Aline Davis Hays (April 12, 1887 – June 3, 1944), born Aline Julia Davis, was an American clothing designer, textile manufacturer, and arts promoter, president of the League of Women Shoppers, a pro-labor consumers' rights organization.

== Early life ==
Aline Davis was born in New York, the daughter of Charles L. Davis and Julia Minzheimer Davis. Her parents were Jewish. She attended art school as a young woman, but left to marry her first husband.

== Career ==
Aline Fleisher was a clothing designer who made theatrical costumes in New York in the 1910s. She also wrote a suffrage pageant with Hazel MacKaye, which was performed at Carnegie Hall in March 1919. In 1922, she was one of the three organizers of the People's Art Assembly, an experimental art show in New York City intended to make art accessible to working people, with free admission and longer hours. She became a department store stylist in the late 1920s, and finding the available fabrics lacking, she began designing fashionable cotton prints for Ameritex-Sudanette. In 1933, she explained her belief that "Every woman who has any creative talent should foster and develop it, no matter what difficulty or opposition she may encounter."

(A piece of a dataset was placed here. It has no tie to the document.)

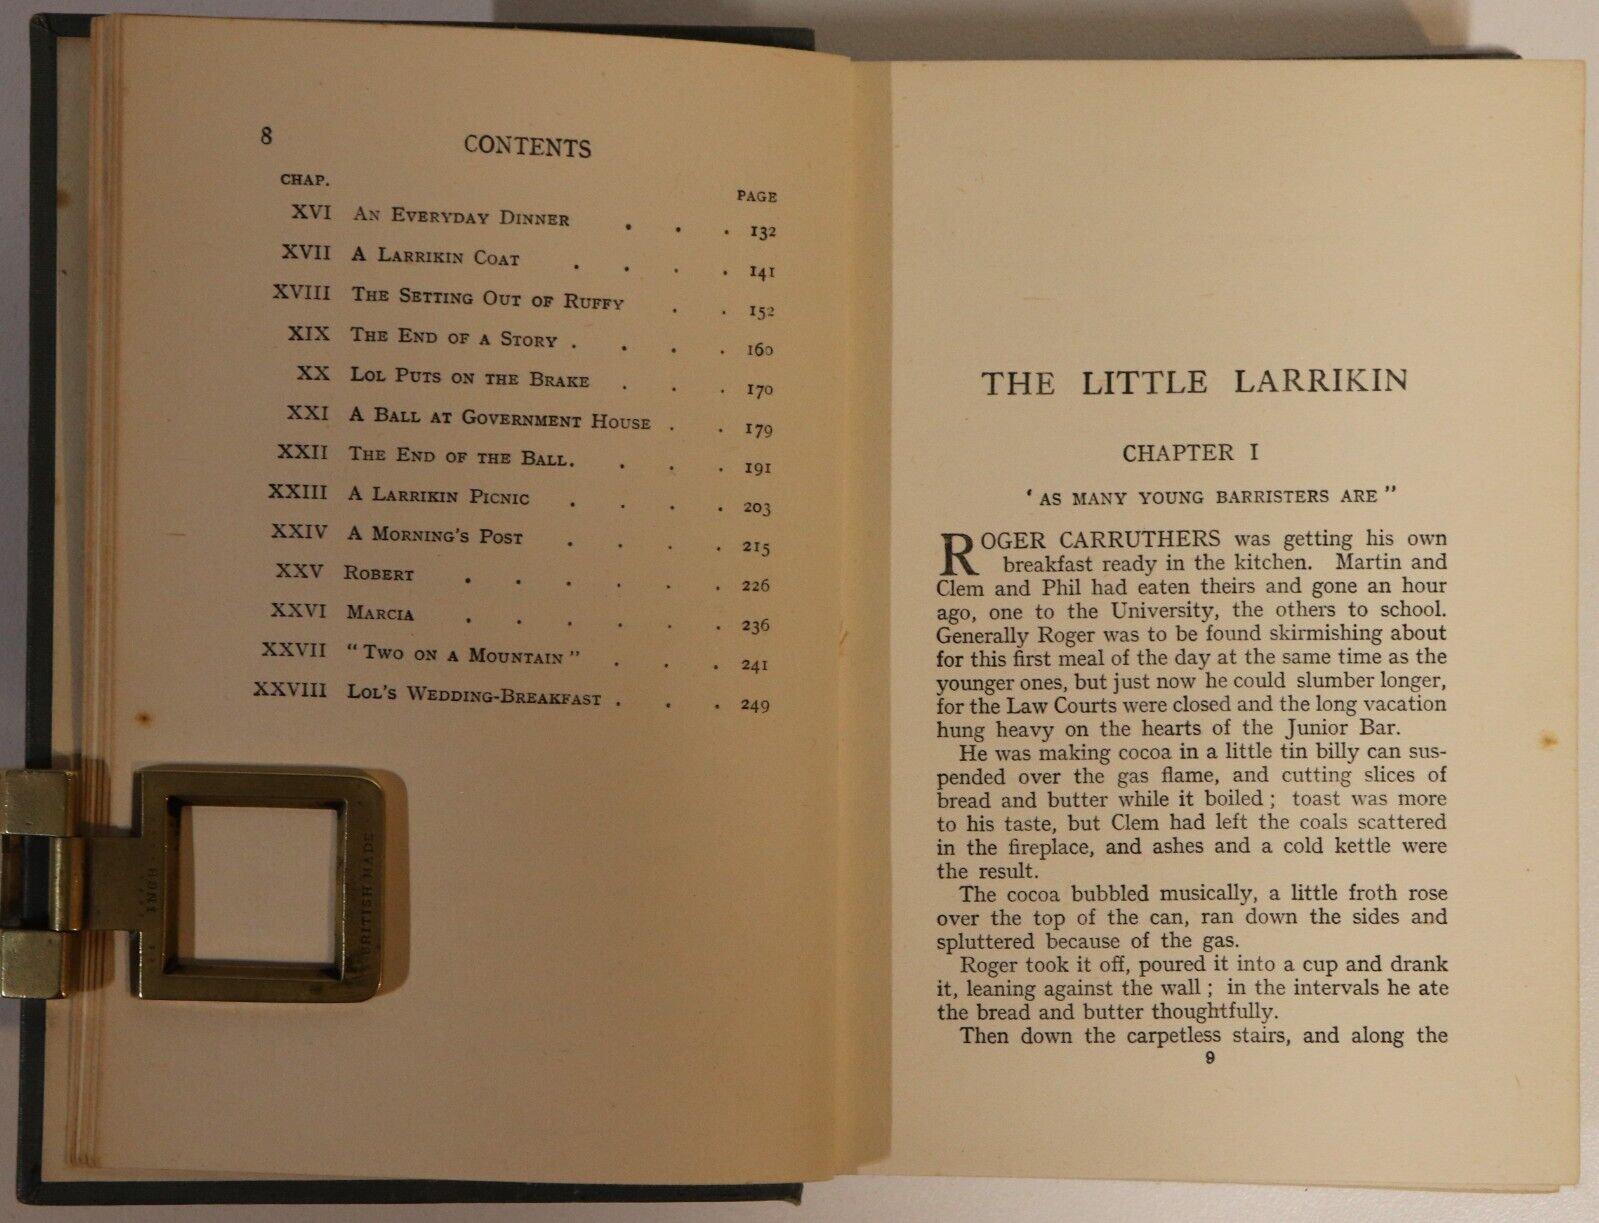 The Little Larrikin by Ethel Turner - c1910 - Antique Australian Fiction Book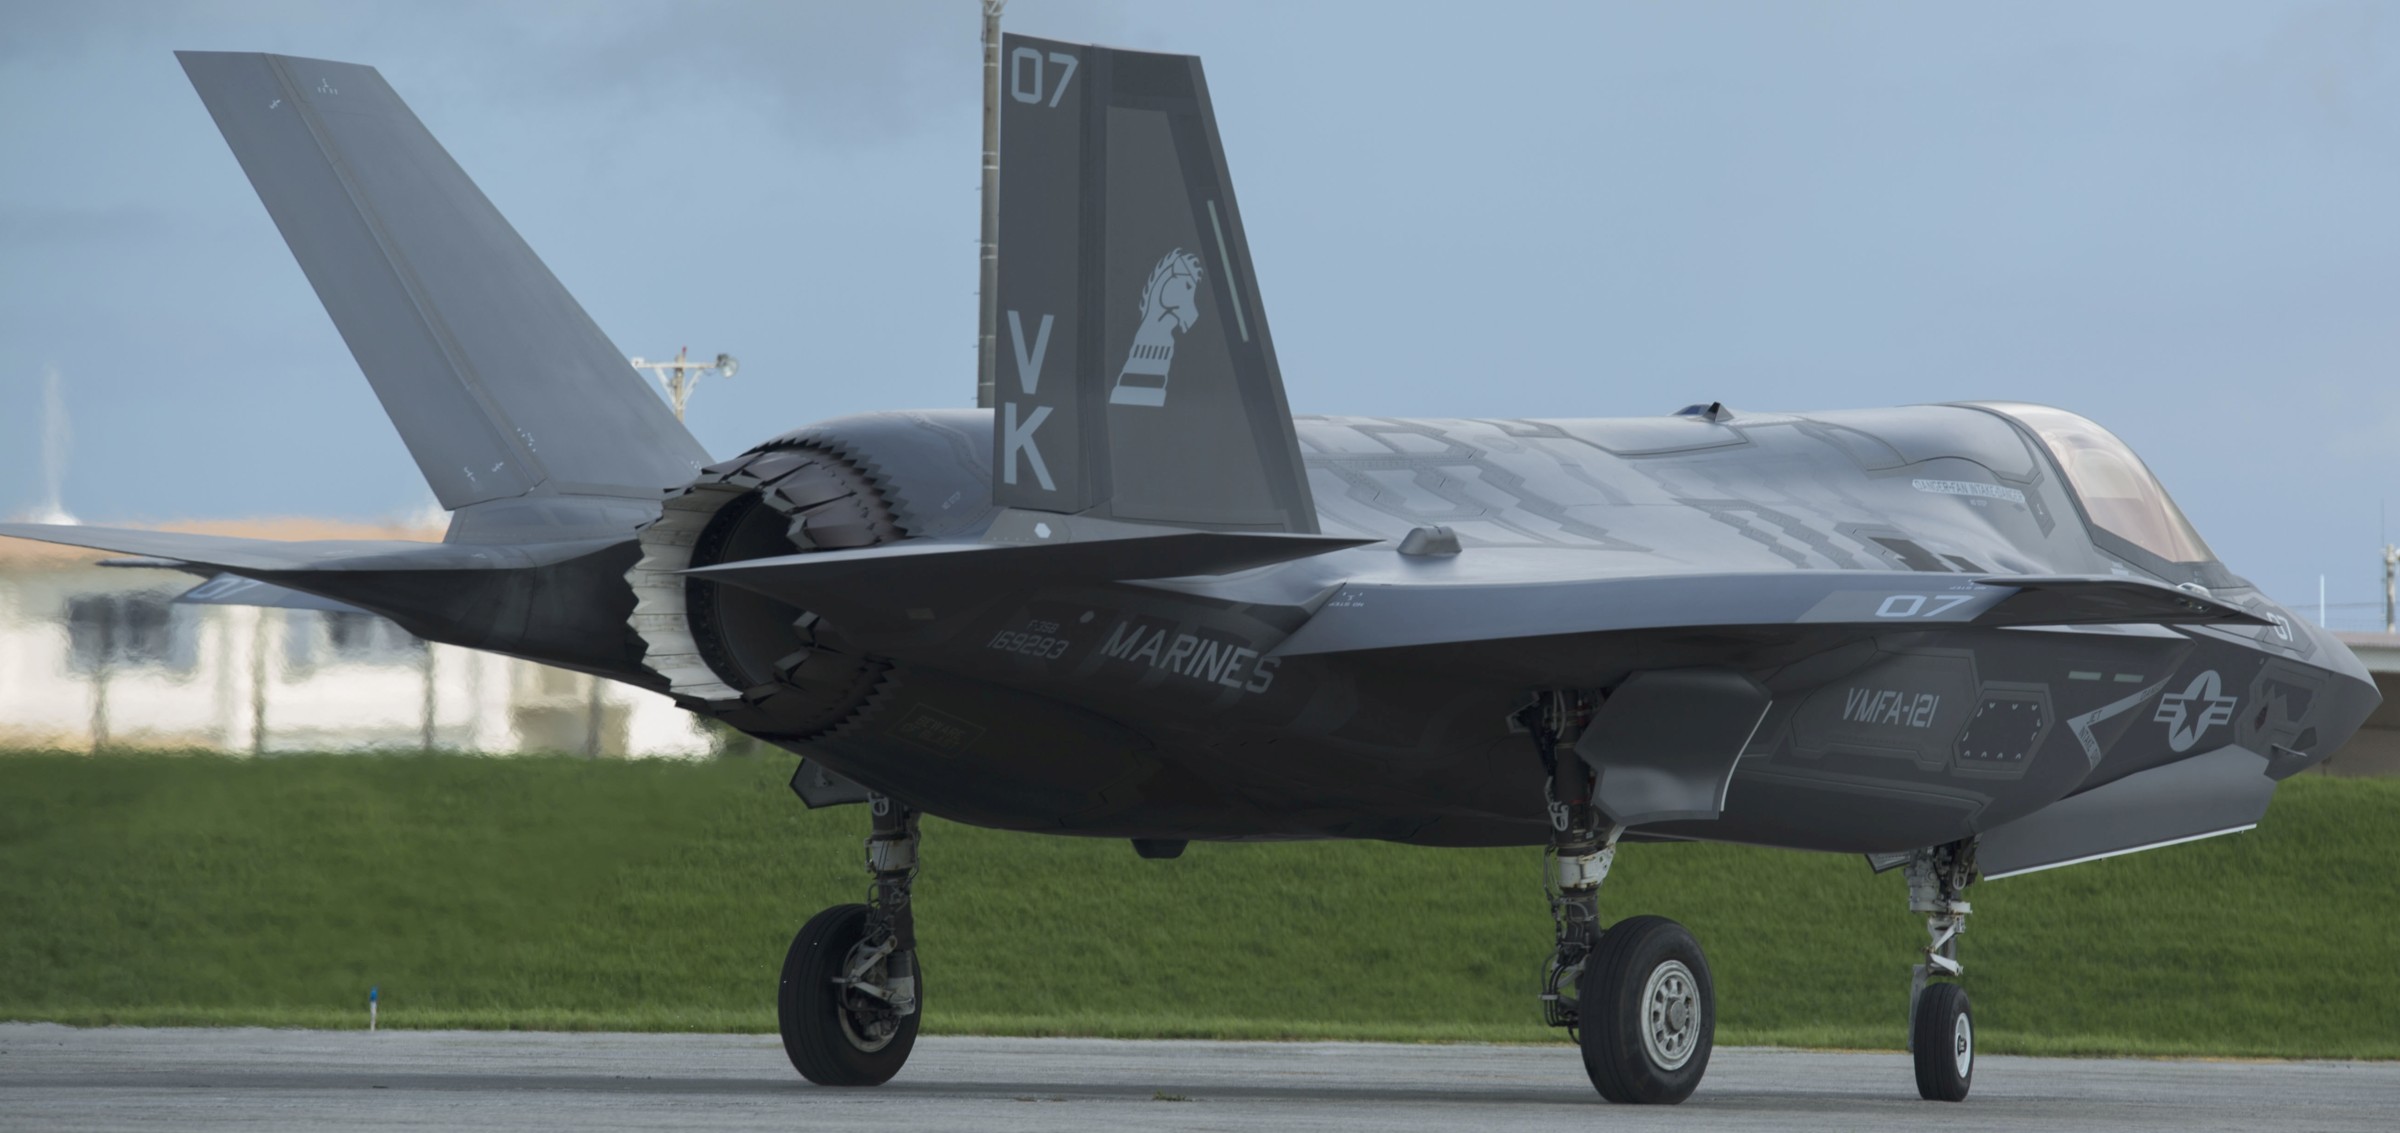 vmfa-121 green knights marine fighter attack squadron f-35b lightning ii 132 kadena air base okinawa

In 1938, Hays was elected first president of the League of Women Shoppers, a consumer rights' organization she co-founded in 1935. She was arrested in 1936, for picketing a department store accused of unfair labor practices. Her name was mentioned in testimony before the House Special Committee on Un-American Activities in 1938, when political activist J. B. Matthews commented "Aline Davis Hays has supported a good many Communist-front organizations" based on her leadership of the League of Women Shoppers, her activities in peace and labor causes and the women's poll tax repeal movement, and her support for friends with Communist affiliation. She submitted an affidavit to the committee, disputing Matthews' comments.

In 1941, she was co-founder of the Citizens' Committee for Government Arts Projects. She was also honorary chair of the American Peace Mobilization's New York council.

== Personal life ==
Aline Davis married Walter S. Fleisher in 1910. They had two children. She married civil rights lawyer Arthur Garfield Hays in 1924, as his second wife. They had a daughter, Jane. Jane married prominent American lawyer William J. Butler. She died in 1944, aged 57 years, in New York.